Removing the bloat of checking for both '\r' and '\n' with the prettier
iswspace() function which checks for other characters as well. (read: \f \t \v)
---

This is one more try to clean up this fuzzy_matchlines() function as part of a
microproject for GSOC. The rest more clarrified microprojects were taken.
I'm obviously planning on applying.

Thanks

Signed-of-by: George 'papanikge' Papanikolaou <g3orge.app@gmail.com>

 builtin/apply.c | 4 ++--
 1 file changed, 2 insertions(+), 2 deletions(-)

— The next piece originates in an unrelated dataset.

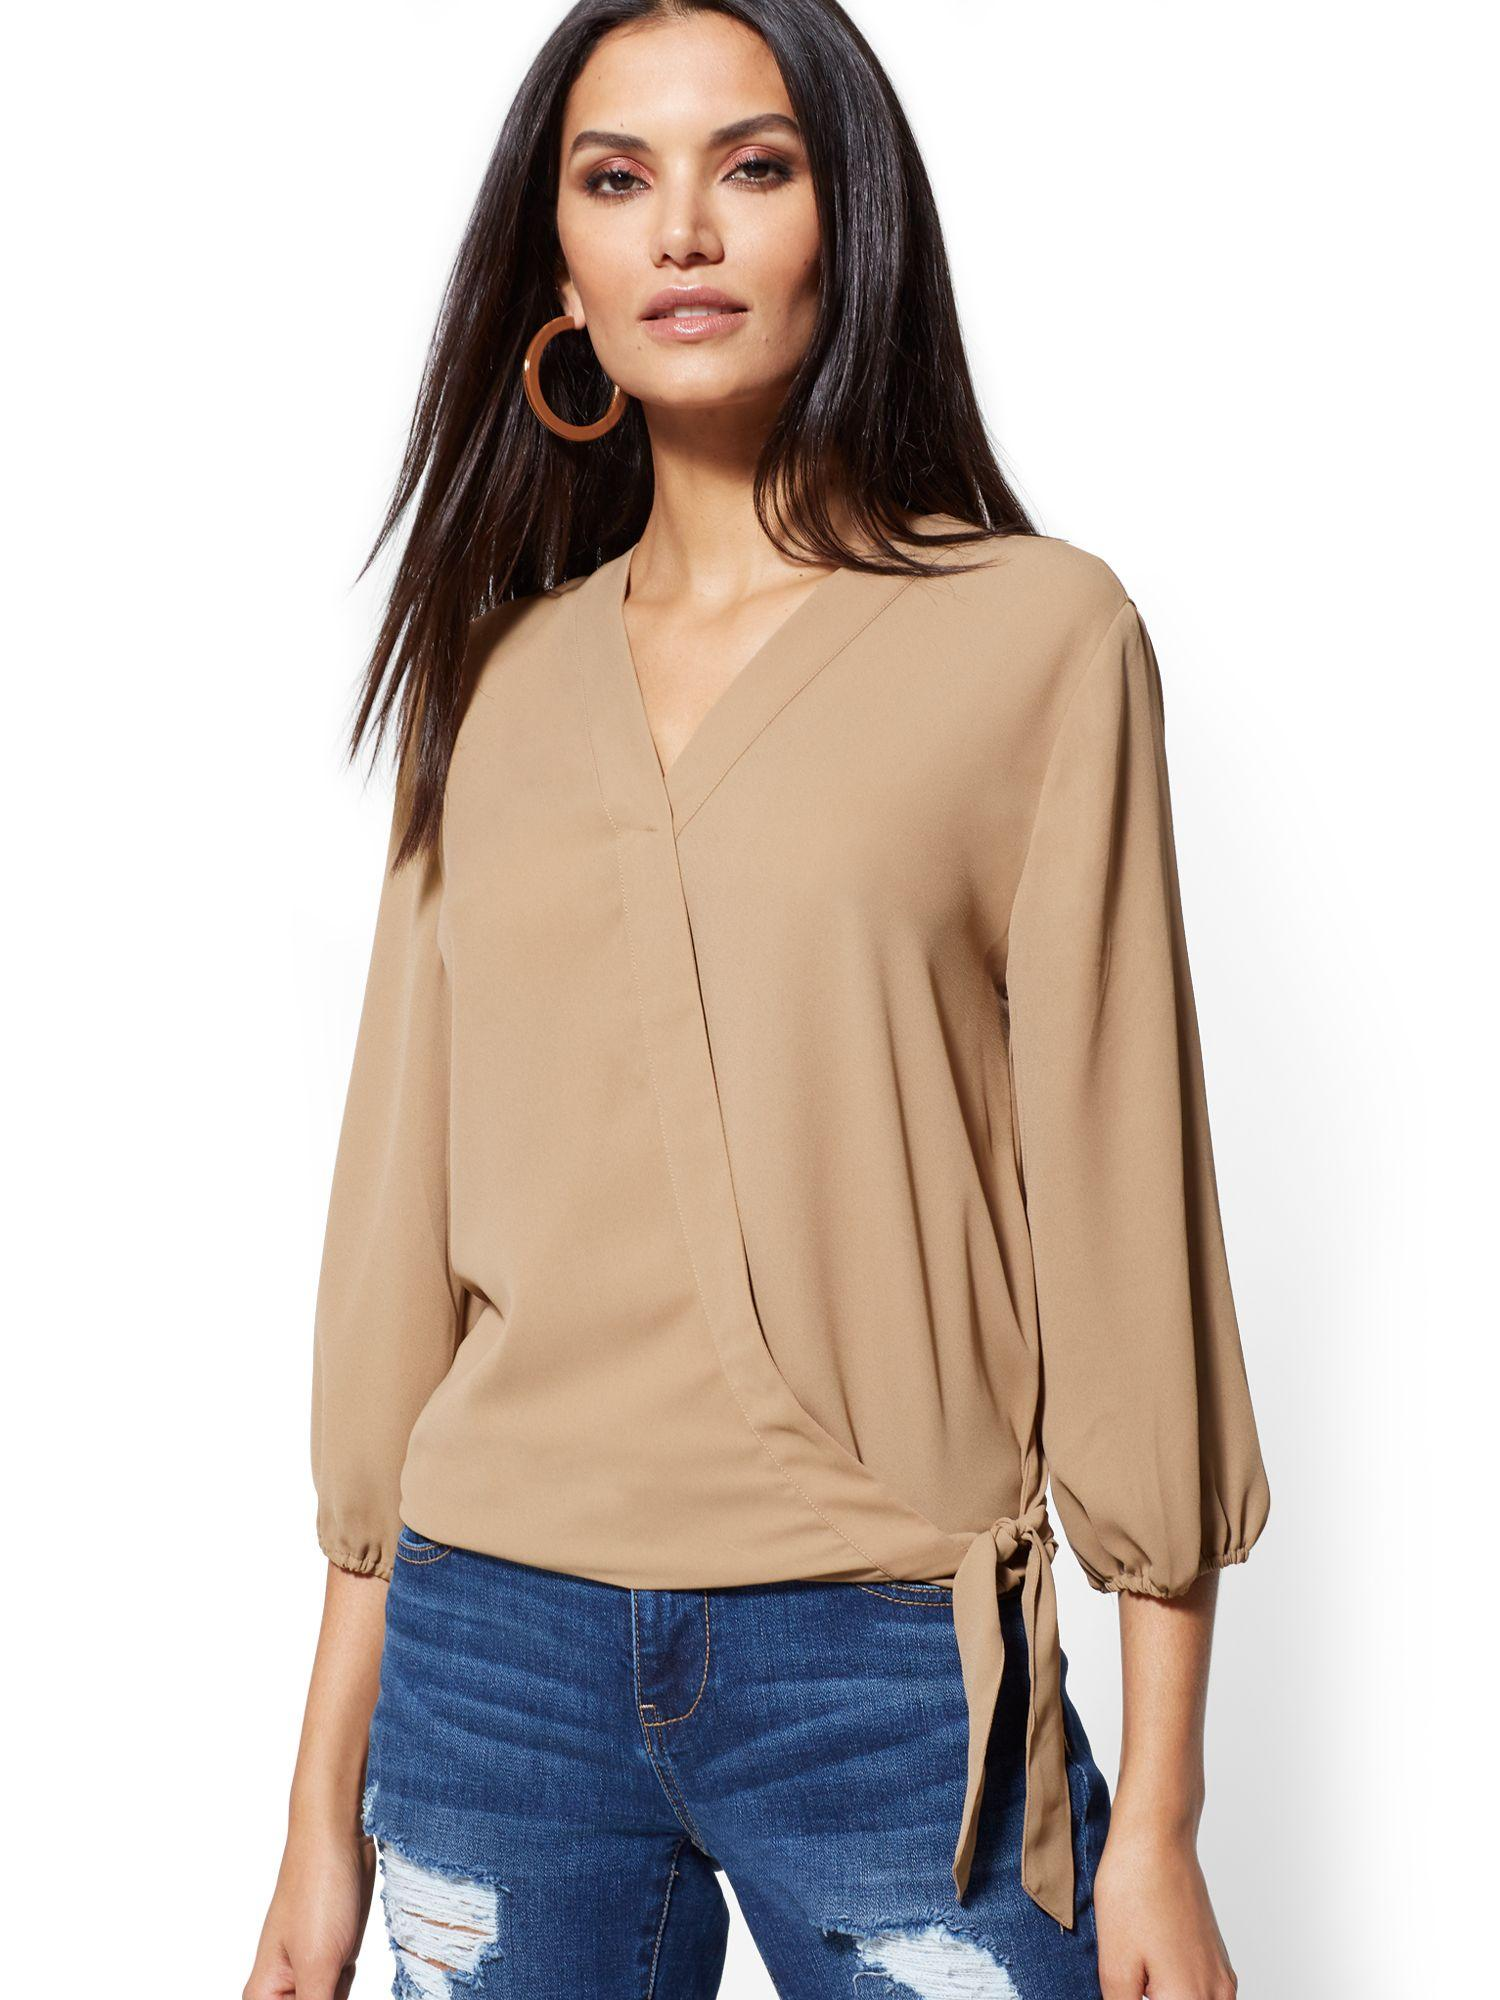 d6906741c5b New York   Company. Women s Natural Tie-front Wrap Blouse - Soho Soft Shirt
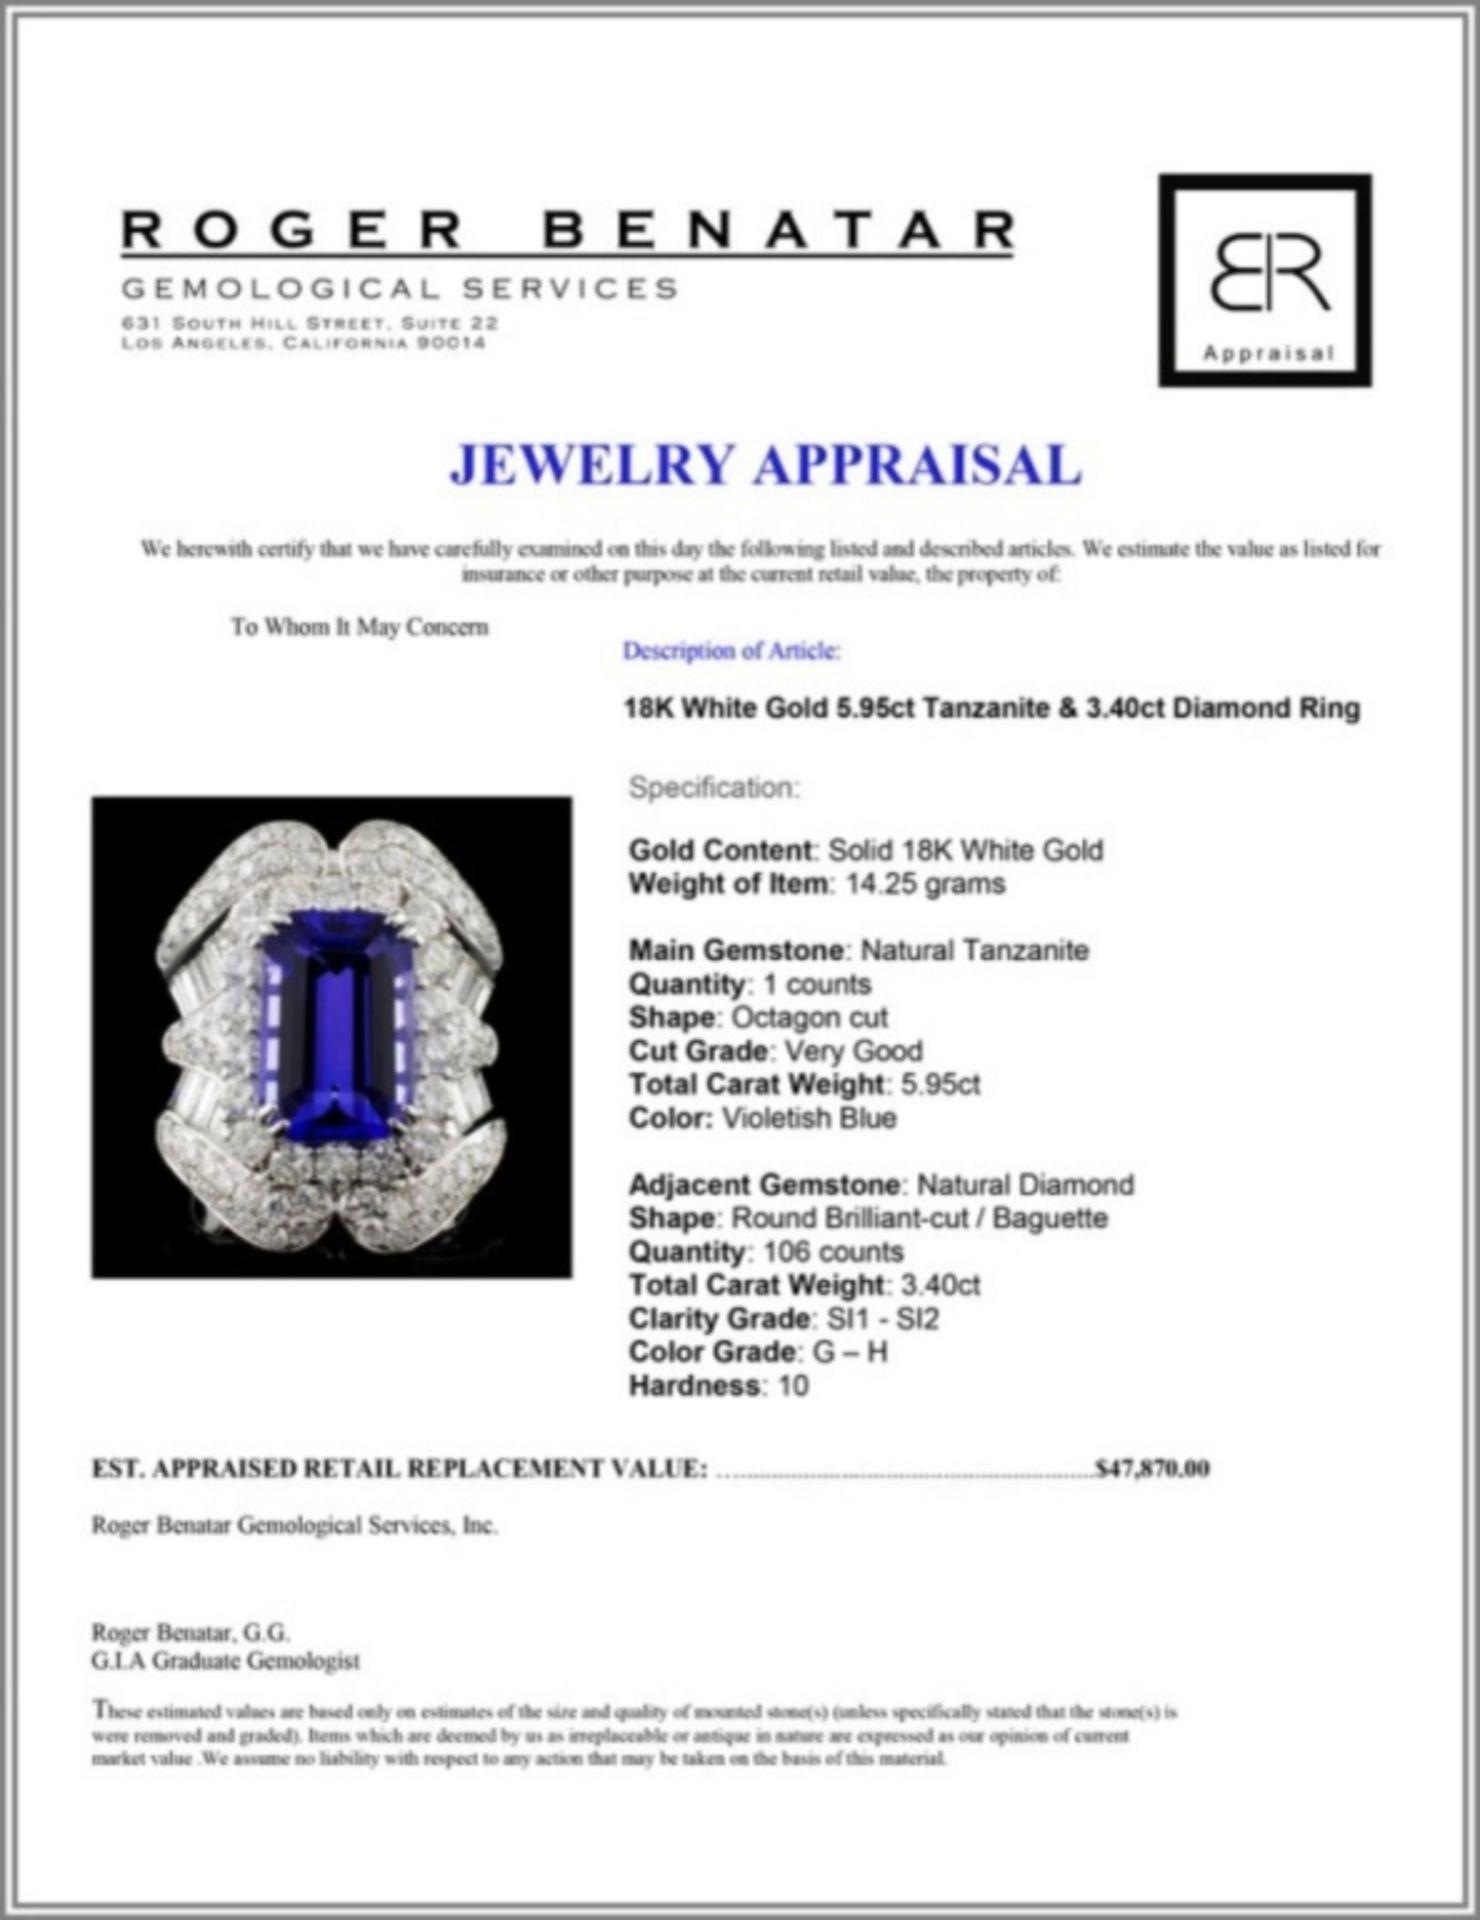 18K White Gold 5.95ct Tanzanite & 3.40ct Diamond R - Image 4 of 4

diff --git a/builtin/apply.c b/builtin/apply.c
index b0d0986..912a53a 100644
--- a/builtin/apply.c
+++ b/builtin/apply.c
@@ -295,9 +295,9 @@ static int fuzzy_matchlines(const char *s1, size_t n1,
 	int result = 0;
 
 	/* ignore line endings */
-	while ((*last1 == '\r') || (*last1 == '\n'))
+	while (iswspace(*last1))
 		last1--;
-	while ((*last2 == '\r') || (*last2 == '\n'))
+	while (iswspace(*last2))
 		last2--;
 
 	/* skip leading whitespace */
-- 
1.9.0

^ permalink raw reply related	[flat|nested] 9+ messages in thread

* Re: [PATCH] builtin/apply.c: use iswspace() to detect line-ending-like chars
  2014-03-20 19:39 [PATCH] builtin/apply.c: use iswspace() to detect line-ending-like chars George Papanikolaou
@ 2014-03-21  2:48 ` Eric Sunshine
       [not found]   ` <CAByyCQBmCTfW0HBL04MMqwm+bDe4Rb6n+MfWdYUQ6M6yW_u=yw@mail.gmail.com>
  2014-03-21 11:14 ` Michael Haggerty
  1 sibling, 1 reply; 9+ messages in thread
From: Eric Sunshine @ 2014-03-21  2:48 UTC (permalink / raw)
  To: George Papanikolaou; +Cc: Junio C Hamano, Git List

On Thu, Mar 20, 2014 at 3:39 PM, George Papanikolaou
<g3orge.app@gmail.com> wrote:
> Removing the bloat of checking for both '\r' and '\n' with the prettier
> iswspace() function which checks for other characters as well. (read: \f \t \v)

Use imperative mood. "Remove" rather than "Removing".

Bloat? Prettier? Subjective stuff.

Did you verify that it is safe to strip all whitespace characters
rather than only line-endings? Perhaps say so in the commit message.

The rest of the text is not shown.